In some respects, admittedly, Ashcroft goes further than Blunkett. He refused to let the FBI check its records to see whether any of his 1,200 arrestees had bought guns before September 11. That would have meant defying the gun lobby, for which the private sanctity of this database is a cardinal adjunct to the right to bear arms. There are some rights that even the terrorist threat cannot be allowed to override.
Ashcroft also persuaded President Bush to sign an executive order creating military tribunals to try any non-US citizen suspected of aiding terrorism. These will hold secret trials, under military officers, without a defendant having the right either to see the evidence or appeal to a civilian court.
The system envisaged by Blunkett isn't a great deal less ruthless. Here too the suspect will not see the evidence, nor will the suspect's preferred lawyer be trusted with confidential information. But the crunch similarity is in the removal, by order, of judicial review from the commission that will supervise detention without trial. Judicial review may only seldom be appropriate, and even less frequently successful.

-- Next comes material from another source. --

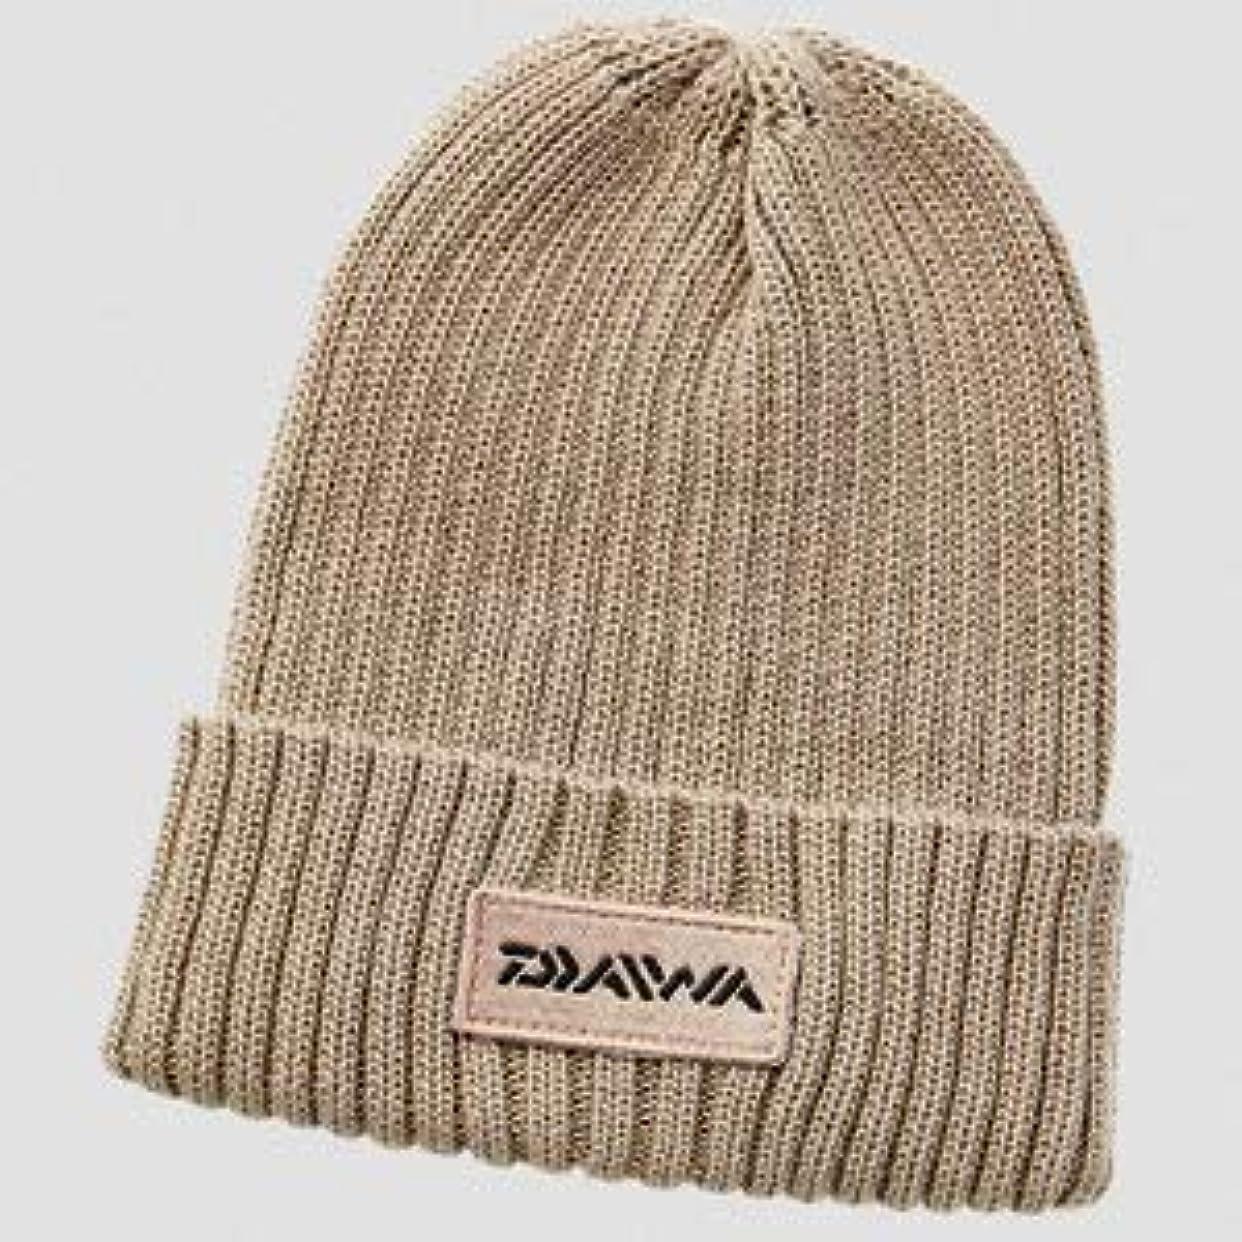 ダイワ(DAIWA) ニットキャップ DC-96008W

The regular law poses many filters and tests before occasionally finding against the state. But every minister and every tribunal can make mistakes. There needs to be a backstop, in these overheated and threatening times. Yet the government is fighting, with a tenacity John Ashcroft must admire, against keeping even that small protection open.

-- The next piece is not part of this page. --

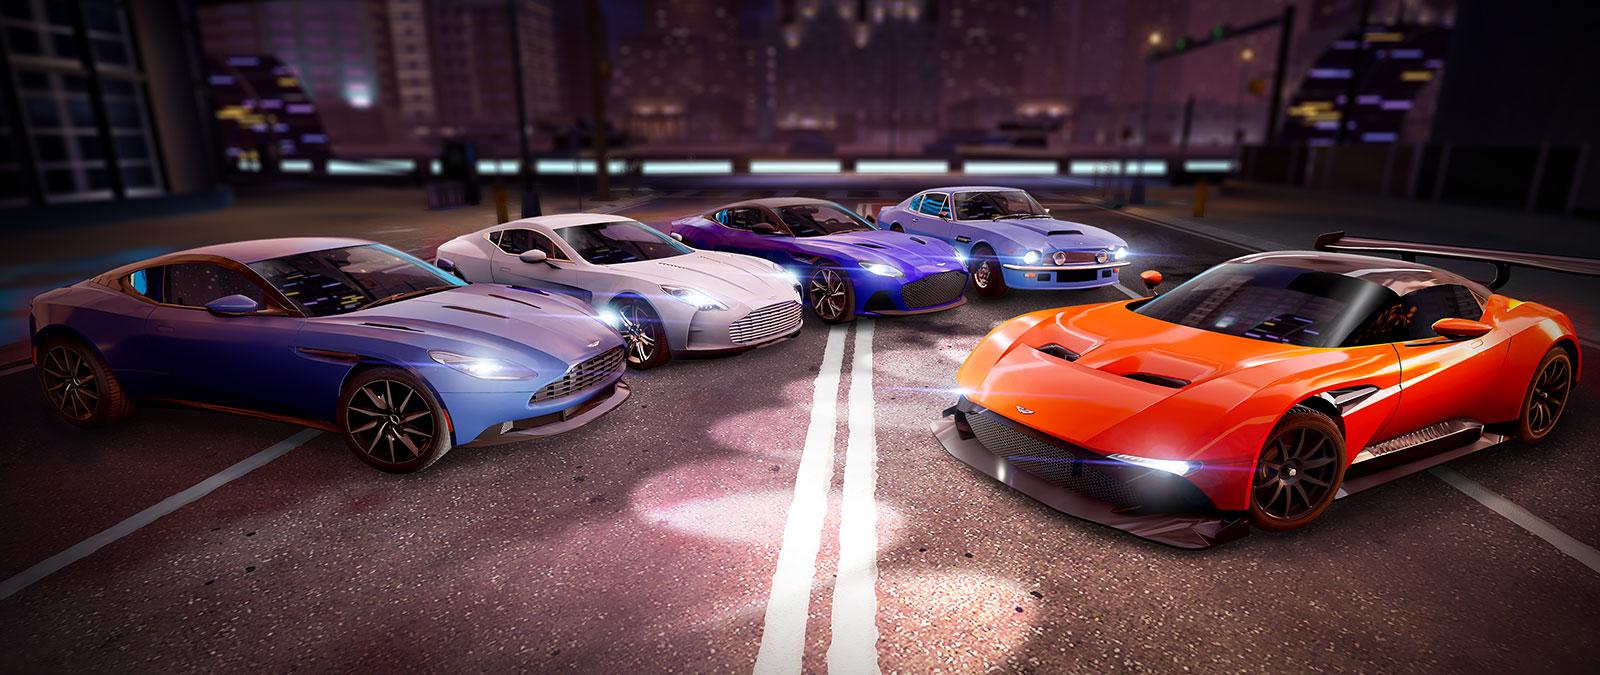 Cinq Aston Martin dans différentes couleurs alignées sur une rue de la ville

No other country in Europe feels the need to go this far in arranging for detention without trial. No other country is seeking a special derogation from the European convention, to deal with terrorism. Is Britain uniquely under threat? Uniquely indifferent to the unfairness that may result from the curtailment of due process? Or uniquely determined to show that the common law, of which the US is the only other relevant exponent, can be readily manipulated to override fundamental liberties?
There is one shaft of light in this dismal picture. The US Senate has not taken Ashcroft's draconian despatch of civil rights lying down. Democrats have asked some potent questions, determined to assert that general support for the anti-terrorism campaign doesn't mean that all anxiety about the details should be silenced. They don't like the tribunals. They're not prepared to yield entirely to populist panic.
Here the Commons have been useless. They took 16 hours to carry all stages of a 126-clause measure that reaches beyond terrorism into wide breaches of personal privacy, massive surveillance, and the wholly disconnected matter of incitement to religious hatred. In a long record of shaming fealty to whips, never have so many MPs showed such utter negligence towards so impressive a list of fundamental principles.
The Lords, however, have become the Senate. Their debate is serious, their resilience formidable and their morality alive. They don't oppose the anti-terrorism campaign, but they want to keep it within sane limits. They scrutinise, question and amend. So far they've voted, most importantly, to keep judicial review and curb surveillance. They'll be extending the work this week. They've also been important players on the joint committee on human rights, whose chair, Jean Corston MP, also chair of the parliamentary Labour party, must be exempted from the previous paragraph. With devastating sobriety, the committee wrote two reports that dismantled most of the claims Blunkett has made about reconciling his bill with the human rights convention.
Have these been influential? Fat chance. The home secretary thinks he reached heights of generosity by promising a review of his measure after two years. It's an empty proposal, though the Tories may fall for it. Once in place, the act will be impossible to shift. Arguments from security are like that. There's always another hypothesis to guard against. That's what justice ministers are in office to assert. The hard rightist and once-soft old labourist are fellow spirits, hungry for power in the name of a security that piously throws to the jailers the freedom it's supposed to be defending.